Re-interpreting Our History

Haitian Bicentennial Conference 2004
Haitian novelist Edwidge Danticat reading from one of her books

By Tyehimba
July 04, 2004

'Reinterpreting the Haitian Revolution and its Cultural Aftershocks (1804-2004)' was the theme of the Haitian Bicentennial Conference held for 4 days at the University of the West Indies, St Augustine. In the conference, organised by the Faculty of Humanities and Education, presenters dealt with different themes of the Haitian situation, including 'Revolution, Race, and Philosophy', 'History, Art and Dance', 'Folk Culture, Language and Resistance', Politics, Economics, and Literature. The Conference's speakers included critically acclaimed Haitian novelist Edwidge Danticat, scholars Lloyd Best, Michael Dash and Dany Laferrière, UWI Vice Chancellor Rex Nettleford and Nobel Laureate Derek Walcott, among others The conference ran smoothly with sessions generally starting and ending on time.

Some of those that attended the conference were seriously concerned about the predominance of white presenters who delivered papers at the conference. Given that the thrust of the Haitian revolution was against European domination, and that the theme was re-interpreting the Haitian revolution, I share these concerns. it is Caribbean people who have to re-interpret their own history. It is not that White historians are useless, that they aren't able to understand the finer issues of the Haitian revolution because they lack the direct experience of European domination. And this issue is especially important, as there are Blacks who are more than able to articulate Haitian issues very well. There still remains embedded in Caribbean society an over reliance on foreigners and white authorities. Why else would there be so many white scholars needed to reinterpret our history for us? Aren't we capable enough to re-examine and re-write our history, void of the Eurocentric biases of Black and religious inferiority that have plagued mainstream accounts of history? The importance of this issue was shown by the often narrow scope of the presenters, who amazing did not deal with the Aristide situation, save for one male presenter.
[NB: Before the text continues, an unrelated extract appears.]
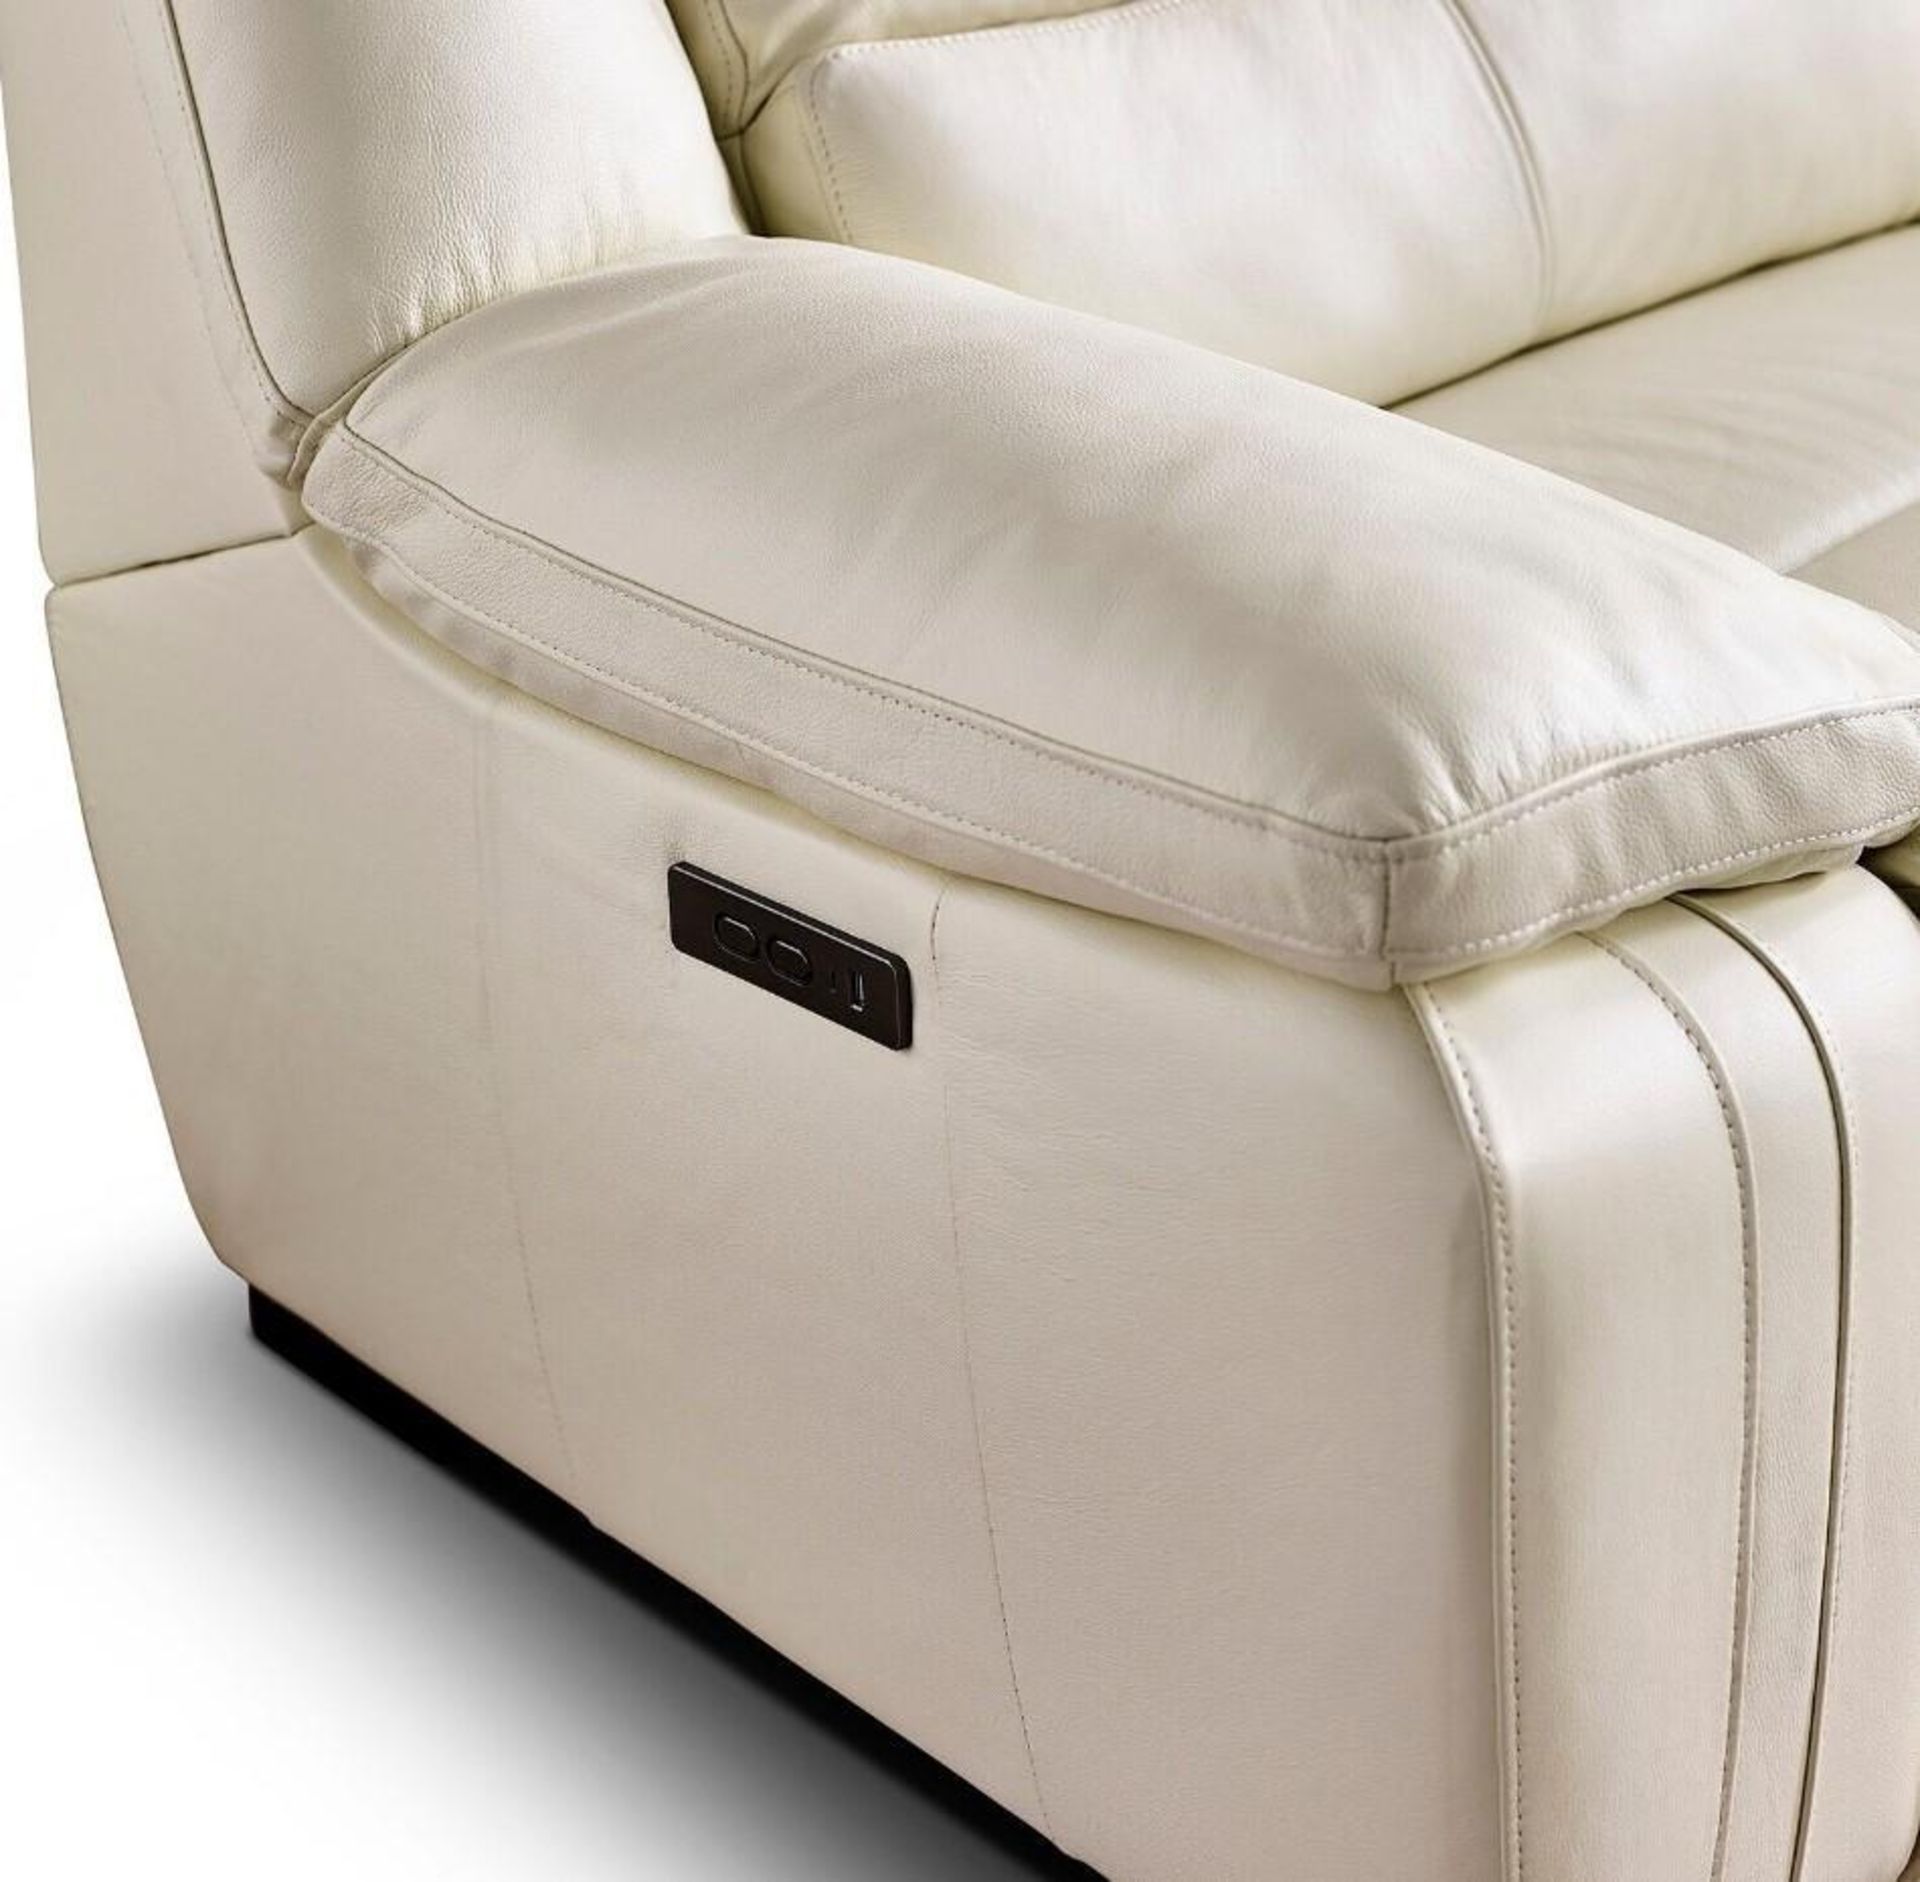 Brand new and boxed SCS Fallon 3 seater electric reclining sofa in Cream. - Image 4 of 7

On the first day, Lloyd Best presented one of the better papers of the conference. Under the theme, The Revolution and Caribbean Histories, Best presented a paper entitled Locating Haiti in the Caribbean. Quoting Gerald Barthelmy, he pointed out that the most important thing about the Haitian case is the very profound economic and social revolution made by the Haitian people when they repudiated the system of plantation slavery. Best put forth that though whites were eliminated from Haiti, the remaining population was not homogeneous, and between blacks and mulattoes remained problems that dogged society for all of 200 years. Best further highlighted how the peasant society gave impetus to the development of local community organization by way of a local language of Creole, of a local religion, of an indigenous art, of forms of armed resistance, of systems of justice around voudou and with a peculiar set of social rules constituting a civil code. All of this ran parallel to the French language, the Napoleonic code, the Western army with its military hierarchy, and an imported system of jurisprudence and justice.

Referring to orthodox media that report Haiti as a land of voodoo and violence, Best called for another interpretation, humble enough to discard pre-conceived judgments and to make sense of the Haitian experience on its own terms. Most importantly, Best talked about the system of small landholdings that emerged after the Revolution, that displayed remarkable coherence and capacity for organization, expansion, adaptation, and viability. He pointed out that Haiti's current crisis came only when the population explosion the start of the 20th century made this dispensation with its surrounding arrangements a fundamentally unviable one, leading to an exodus first to the cities and then by boat people in search of fresh opportunity. The Haitian locals exhibited extraordinary vigor and vision in establishing a viable system of production. This point is especially important as there has been shallow chauvinistic claims of Haiti's problems being because of voodoo or that Africans are inherently unable to self govern. Apart from being dangerously fallacious, these claims ignore the external and internal forces that give rise to the present situation.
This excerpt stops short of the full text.